D. Lacustrine. The Lacustrine System includes wetlands and deepwater habitats with all of the following characteristics:

(1) situated in a topographic depression or a dammed river channel; (2) lacking trees, shrubs, persistent emergents, emergent mosses or lichens with greater than 30% areal coverage; and (3) total area exceeds 8 ha (20 acres). Similar wetland and deepwater habitats totalling less than 8 ha are also included in the Lacustrine System if an active wave-formed or bedrock shoreline feature makes up all or part of the boundary, or if the water depth in the deepest part of the basin exceeds 2 m (6.6 feet) at low water. Lacustrine waters may be tidal or nontidal, but ocean-derived salinity is always less than 0.5 parts per thousand.
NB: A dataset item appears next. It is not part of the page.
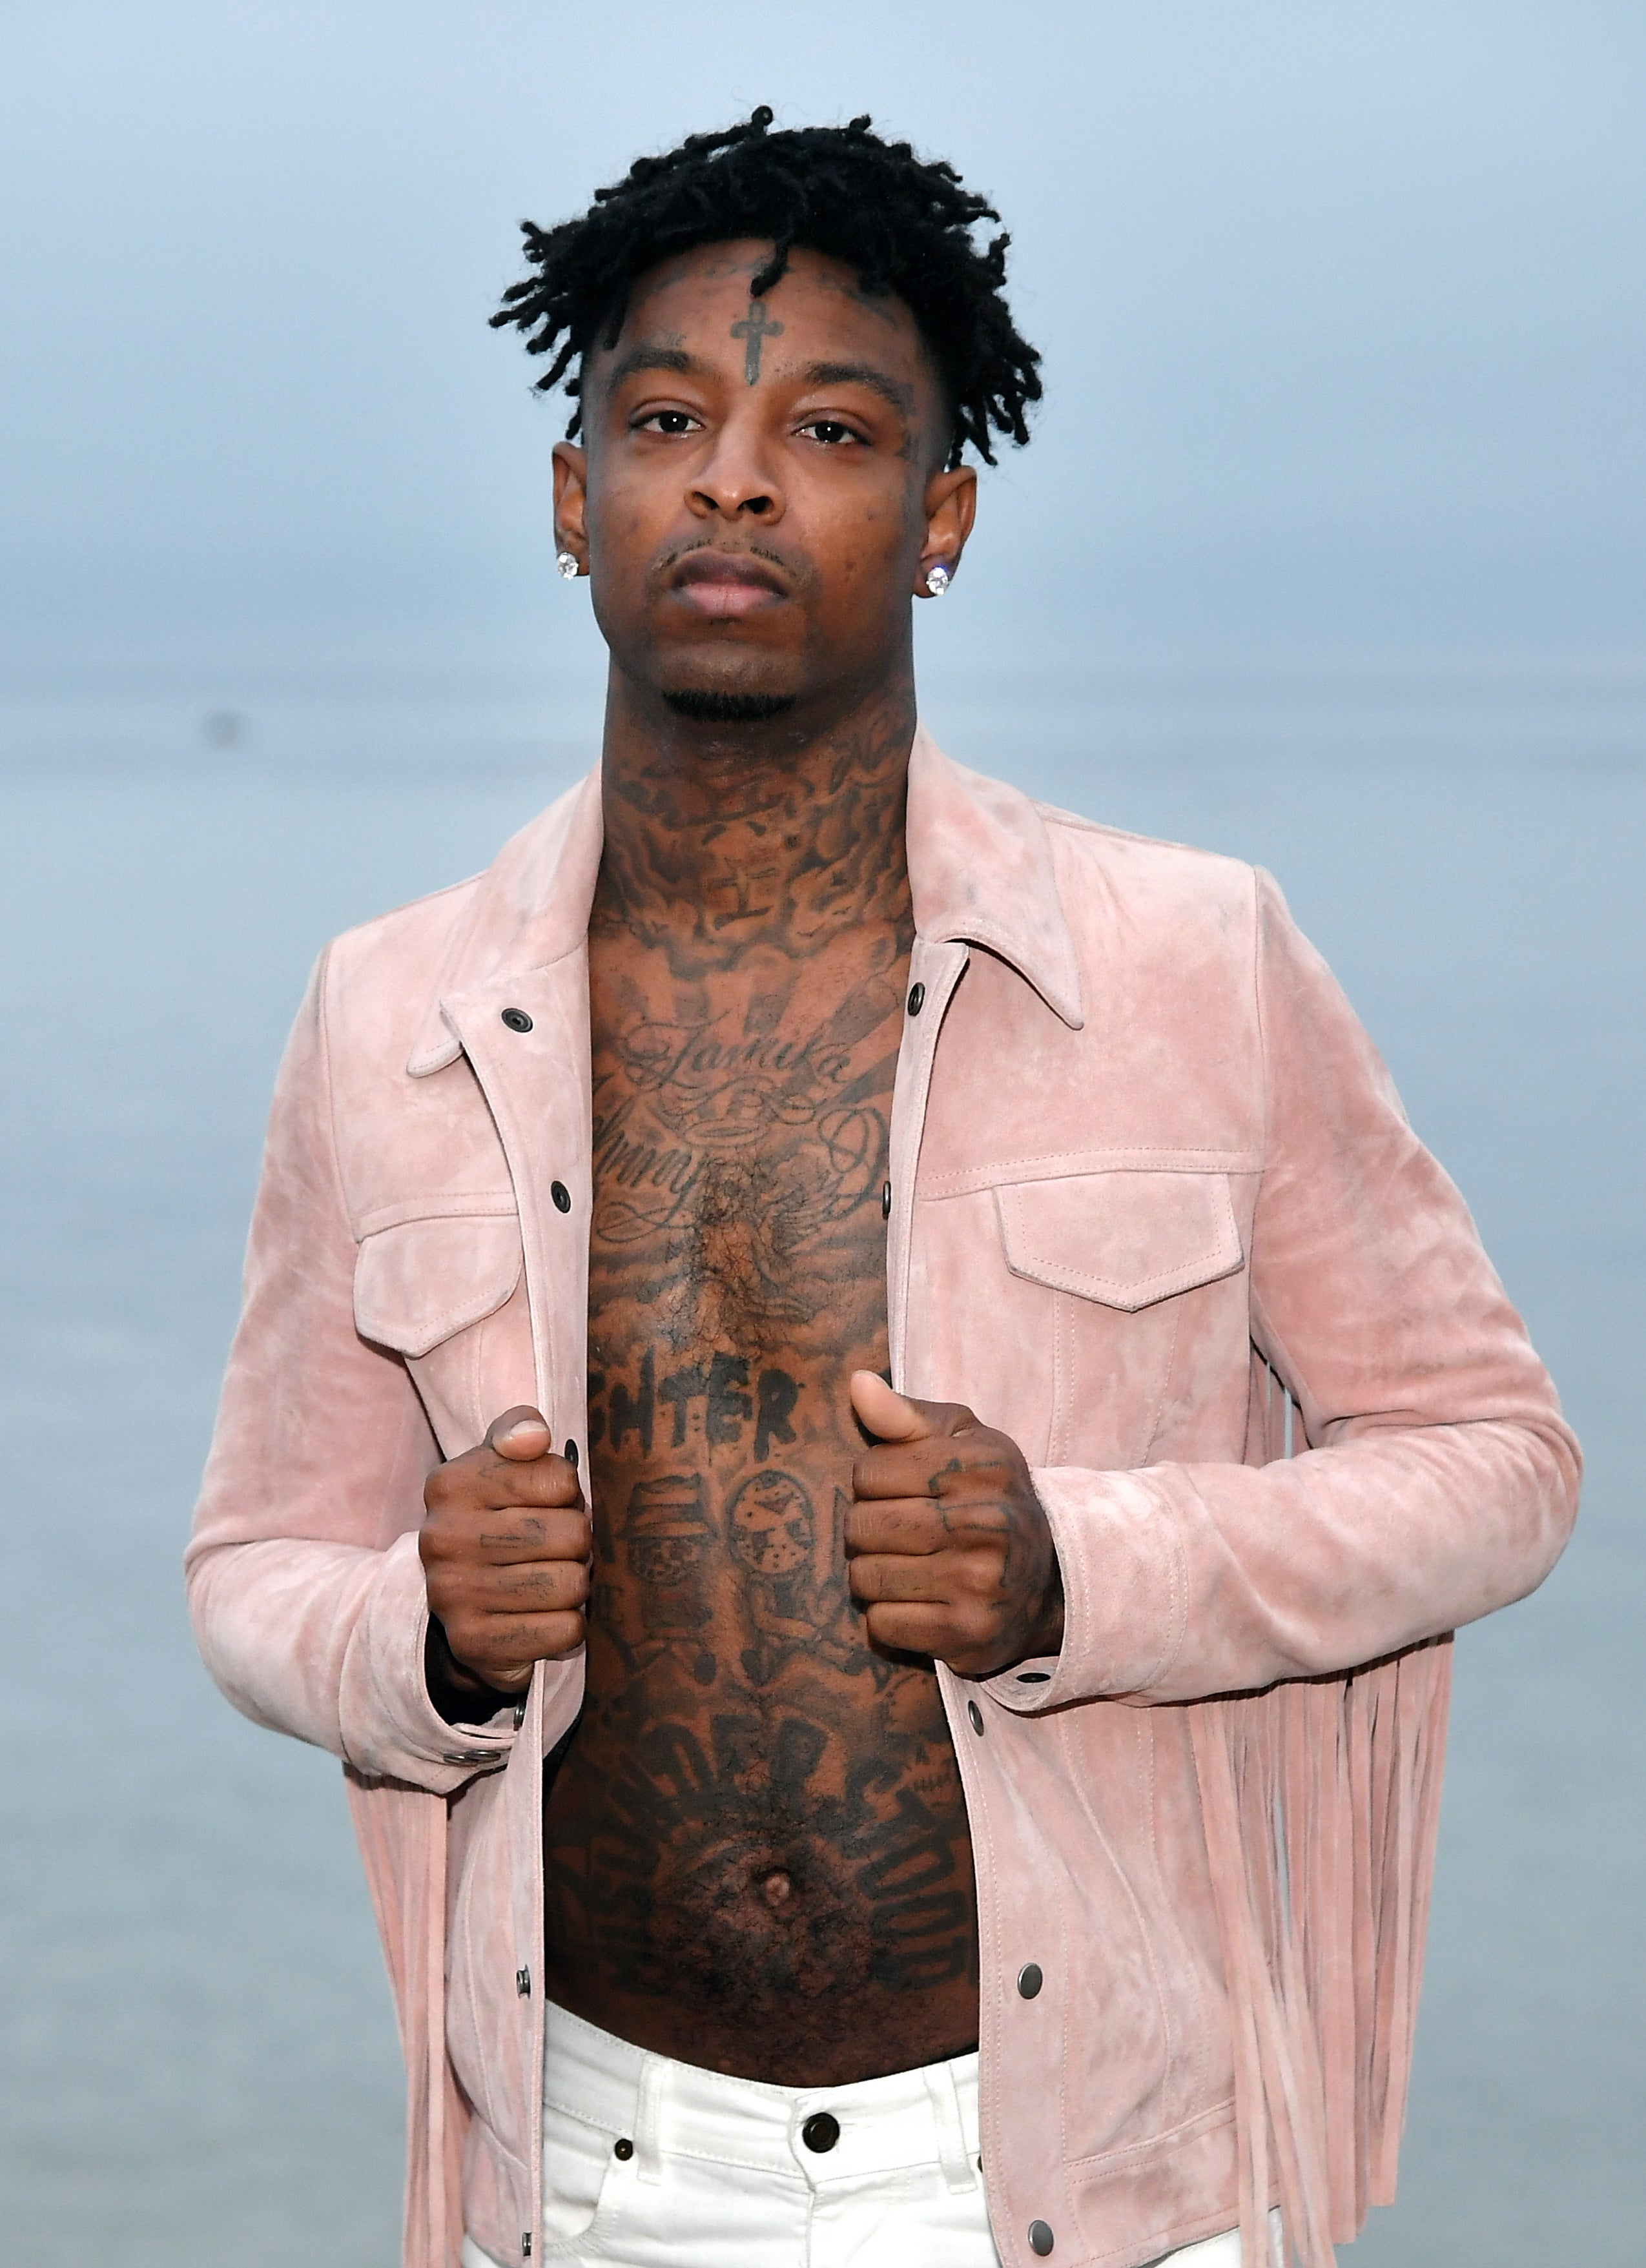 Rapper 21 Savage released a single titled ‘ASMR’ in 2018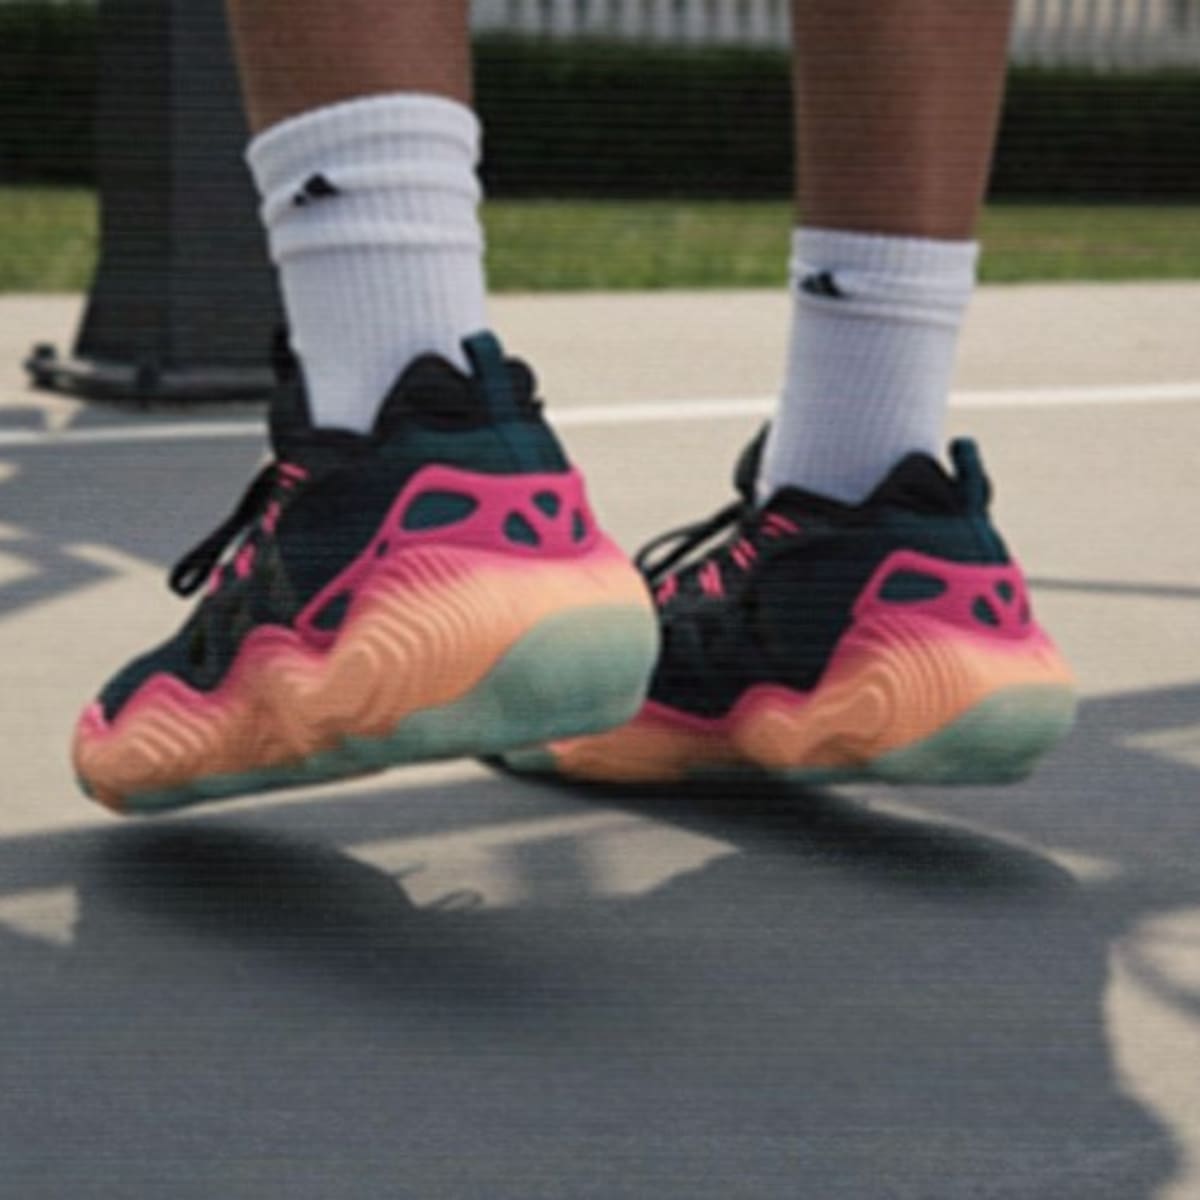 Adidas Trae Young 1 Performance Review – Hoops Sneakers

E. Palustrine. The Palustrine System includes all nontidal wetlands dominated by trees, shrubs, persistent emergents, emergent mosses or lichens, and all such wetlands that occur in tidal areas where salinity due to ocean derived salts is below 0.5 parts per thousand. It also includes wetlands lacking such vegetation, but with all of the following four characteristics: (1) area less than 8 ha (20 acres); (2) active wave-formed or bedrock shoreline features lacking; (3) water depth in the deepest part of basin less than 2 m (6.6 feet) at low water; and (4) salinity due to ocean-derived salts is less than 0.5 parts per thousand.

F. Eusaline. Eusaline is the term used to characterize waters with salinity of 30 to 40 parts per thousand due to land-derived salts.

G. Mixosaline. Mixosaline is the term used to characterize waters with salinity of 0.5 to 30 parts per thousand due to land-derived salts.